まるで息を吐くように至言を連発する中谷彰宏さんのことを書かなければなりません。
私が20代最初の頃、中谷さんはよくテレビ出演をされていて、お姿を拝見する機会も多かったのですが、その後は露出も減り、最近はすっかり見なくなりました。
博報堂を辞めなければならなくなった理由が「テレビ出演がばれたから」ということだったようですが、その時の中谷さんは既にかなりのテレビ露出をしていたので“今さら感”が強かったといいます。
大手広告代理店の社員が、いかにテレビを見ていないかを嘆息するかのように書かれていたことを思いだします。
中谷さんはあまりにも著作が多すぎて、かつて読んだ本の中の至言を思いだせたとしても、どの本でそう言われていたのかを探すことはほぼ無理です。
そこで、文字ではなく音声で聞いた言葉を採りあげることにしました。
ちなみに、私がここまで「至言に魅力あり!!」シリーズで挙げた藤原和弘さん、土井英司さんの言葉は、いずれもコンサルタントの神田昌典さんが提供する『ダントツ企業実戦オーディオセミナー』でのインタビューから抜粋したものです。
そこで、中谷彰宏さんのことも、同教材から引っ張り出して語ってみたいと思います。
土井英司さんについて書いた記事では、土井理論による“ブランドの定義”から話を展開しましたが、実は中谷さんも神田さんとの対話の中で、中谷流の“ブランドの定義”を語っておられましたので、せっかくですから並べてみましょう。
<土井理論>
ブランドは「強み」と「らしさ」を掛けたもの
<中谷流>
ブランドは「信用」と「評判」
ふたりの知的プロフェッショナルが、時と場所は違えど、同じインタビュアーに向け、持論を展開しています。
聞き手の神田昌典さんもまた、知的プロフェッショナルとして有名な方ですから、いわば3人の有識者がひとつの言葉の定義を巡って、互いに思うところを開陳する面白い展開です。
私が土井さんと中谷さんのブランド論を比較する中で、特に面白いと思ったのが、持論の伝え方のタイプが全く違うものだったことです。
具体的に言えば、インタビュアー(神田さん)の使い方に大きな差がありました。
その前に、おふたりがそれぞれ述べた二つの単語について、少しだけ私の感じ方を話しておきましょう。
それぞれ使っている言葉は違うけれど、ニュアンスは一緒ですよね。
土井さんは「強み」と表現したけれど、強みというのは専門性の深さでもあります。
それがわかるからこそ、私たちは製品やサービスの品質や、その作り手を信用する。
中谷さんは「信用」について、こんな感じで述べています。
例えばルイ・ヴィトンの製品は、壊れたら必ずメンテナンスすると謳っている。
もちろん壊れにくいのだけれど、もしそうなったら必ずメンテするので安心して使えますという姿勢を貫いているのでお客さんは信用する
ルイ・ヴィトンがこれを堂々と言えるのは、まず第一に製品に自信があり、万が一壊れるようなことが起きたとしても、その際のサービス対応にも自信がある。
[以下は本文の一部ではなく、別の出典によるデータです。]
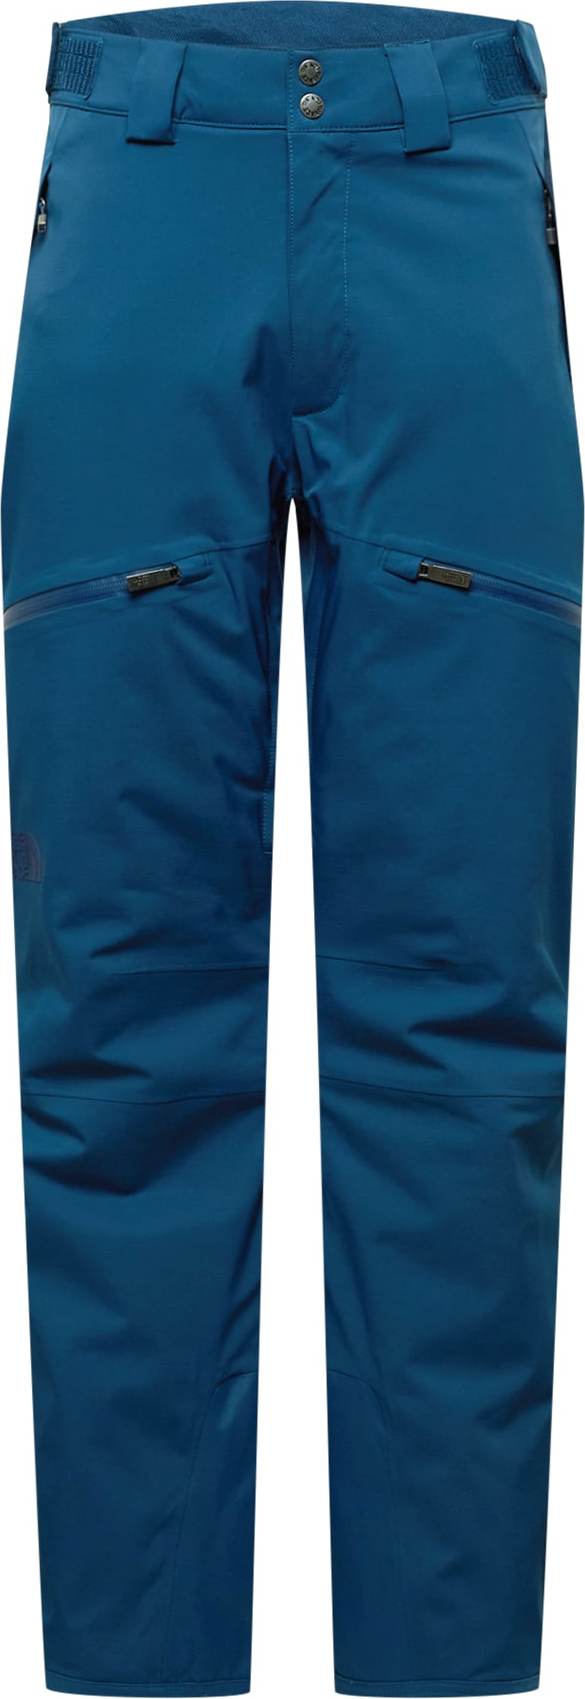 THE NORTH FACE Sportovní kalhoty 'CHAKAL' královská modrá
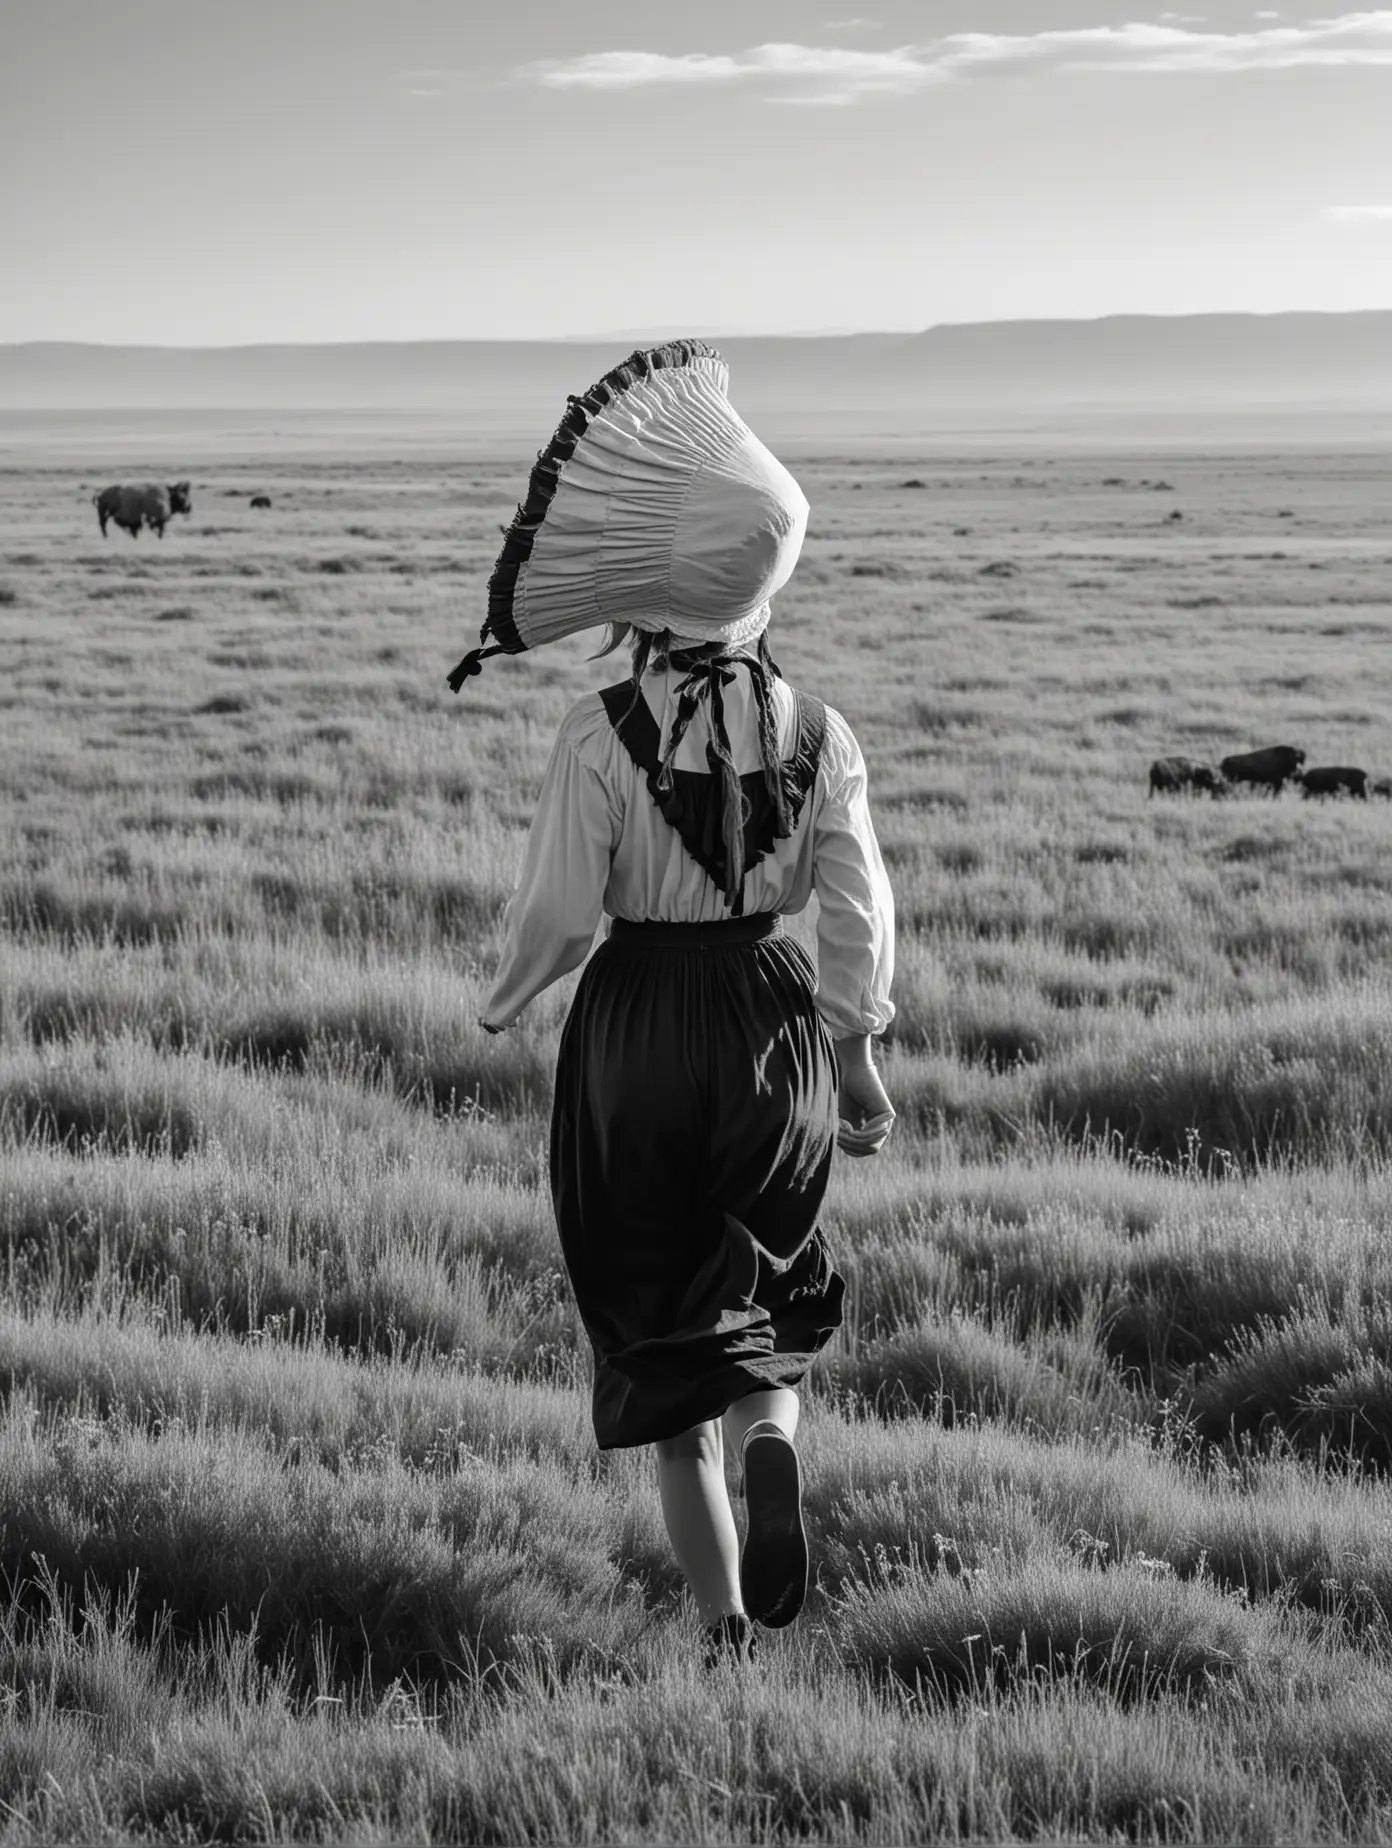 Pioneer Woman Running Through BuffaloFilled Prairie in Monochrome

製品自体が「強み」であり、サービス対応の品質もまた「強み」でなかったら、こんなことを公言できないはずです。
土井さんが語る「強み」と、中谷さんが語る「信用」はセイムセイムな関係と言って差し支えなさそうです。
次に「らしさ」と「評判」の比較です。
土井さんは「その人らしさ」とは、社会とのスタンスをはっきりさせて「あなたの敵は誰なのか?」という読者からの問いに対する回答のことだと言います。
これを明確にしておくことが、まず必要なことだそうです。
それによって、共感する人が集まりやすい状況を作ることが大事らしい。
中谷さんは「この人、信頼できるな」と人から思ってもらうことができると、人は次に、それを誰かに話したくなるので、それが評判になると言います。
「この人スゴイな」と感じた気持ちを共感してくれる相手を求めて、仲間を作ろうとする“語り部”によって「評判」が築かれていくことを指しています。
土井さんの「らしさ」理論と同じように、共感する人が集まりやすい状況を作るのが「評判」ということで、プロセスに若干の違いがあるかもしれませんが、結局は同じ方向へ進み、ブランドが確立していくことに変わりはない。
しかも、その瞬間だけ目を引くキャッチーな事柄でなく、十分な時間経過が介在している理論だという点でも、おふたりが語るブランドの定義が一致しています。
やはり、突き詰めた結果到達する真理はひとつのものに帰結するということでしょうか?
実に興味深いです。
さて、先ほど書きかけた「おふたりのインタビュー(神田さん)の使い方に差がある」ということについて触れられぬまま長々と書いてしまったので、これについては次回記事に譲りたいと思います。